Buffered Data Transfer

Let’s take a look at the following code snippet that implements the buffered upload. Explanation is given directly below.

Buffered Request Handler
import fs from "fs"; import crypto from "crypto"; async function bufferedUploadHandler(req, res) { let uuid = crypto.randomUUID(); let bytesRead = 0; let chunks = []; req.on("data", (chunk) => { bytesRead += chunk.length; // add chunks into an array, file content is gauranteed to be in order chunks.push(chunk); }); req.on("close", () => { // Put all the chunks into a buffer together let data = Buffer.concat(chunks).toString(); // Save the content to the file on disk fs.writeFileSync(`./data/file-buffered-${uuid}.txt`, data, { encoding: "utf-8", }); res.end(`Upload Complete, ${bytesRead} bytes uploaded.`); }); }

As you can see, the chunks from the request data are stored and put into an array in the order they are received and kept in memory for the complete timeline of the request.

Buffered Data Transfer

Fig: Buffered Data Transfer Flow Diagram

When the request is finished sending all chunks, a close event is emitted and the chunks are concatenated into a buffer and then saved to the file system.

The chunks are stored in the memory and once the request finished, garbage collector will free up the memory in the next run.

Streaming Data Transfer

Let’s take a look at the following code snippet that implements the streaming upload.
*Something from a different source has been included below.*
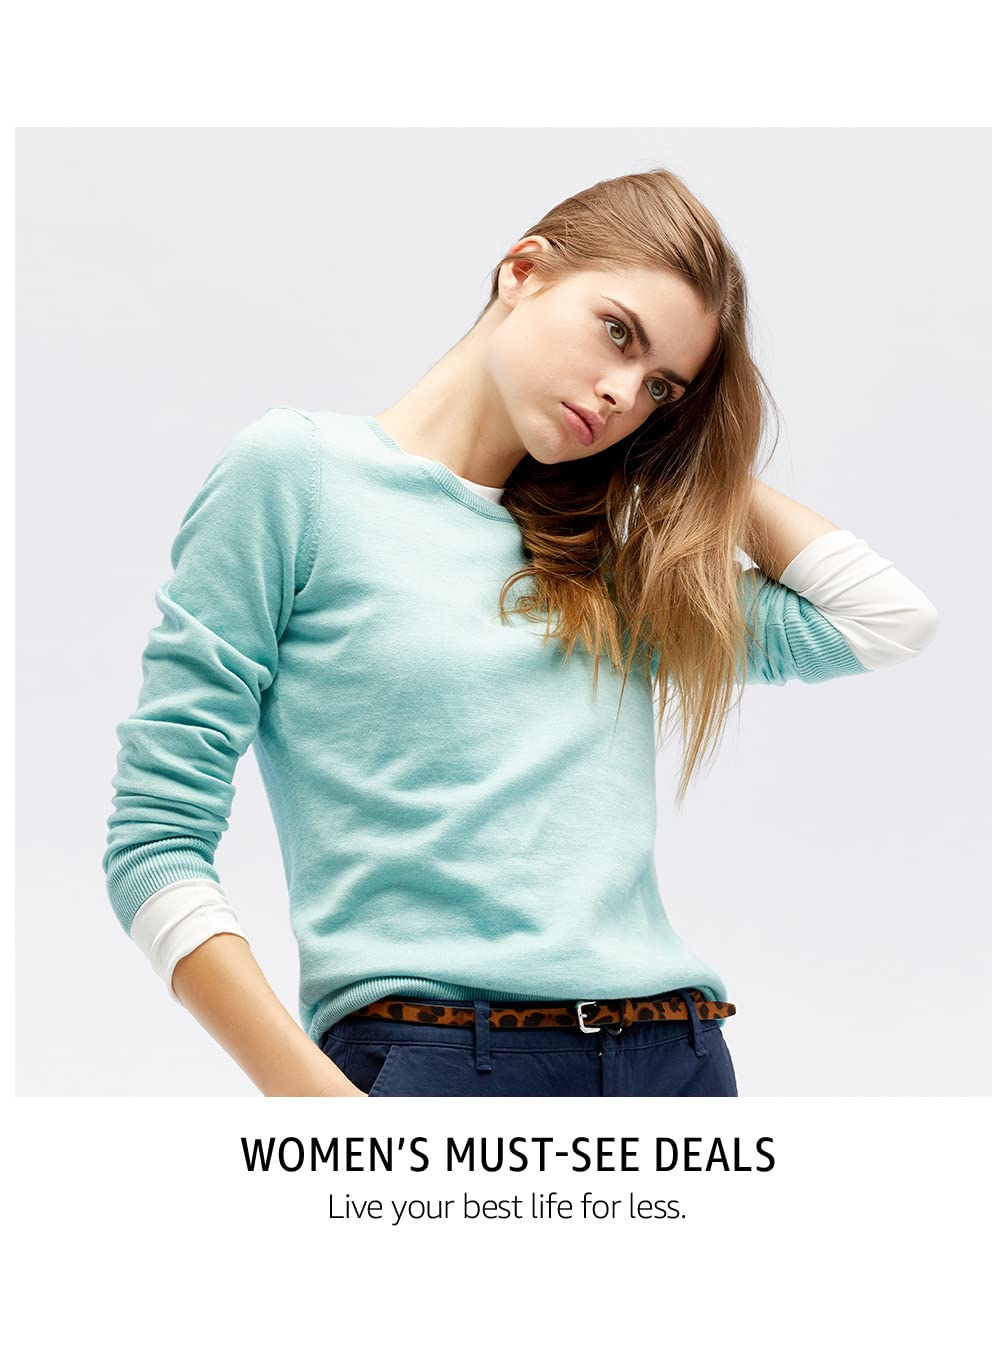 Women's must-see deals

Explanation is given directly below.

Streaming Request Handler
import fs from "fs"; import crypto from "crypto"; async function streamedUploadHandler(req, res) { let uuid = crypto.randomUUID(); let fsStream = fs.createWriteStream(`./data/file-streamed-${uuid}.txt`); req.pipe(fsStream); // req.read() -> fsStream.write() req.on("close", () => { fsStream.close(); res.end(`Upload Complete, ${bytesRead} bytes uploaded.`); }); let bytesRead = 0; req.on("data", (chunk) => { bytesRead += chunk.length; }); }

As can be seen, the chunks from the request body are written directly to the file system and not stored in the memory for the complete timeline of the request.

Streaming Data Transfer

Fig: Streaming Data Transfer Flow Diagram

This is possible because request implements Readable Stream interface and the content can be directly written to the file system using Writable Stream interface from fs.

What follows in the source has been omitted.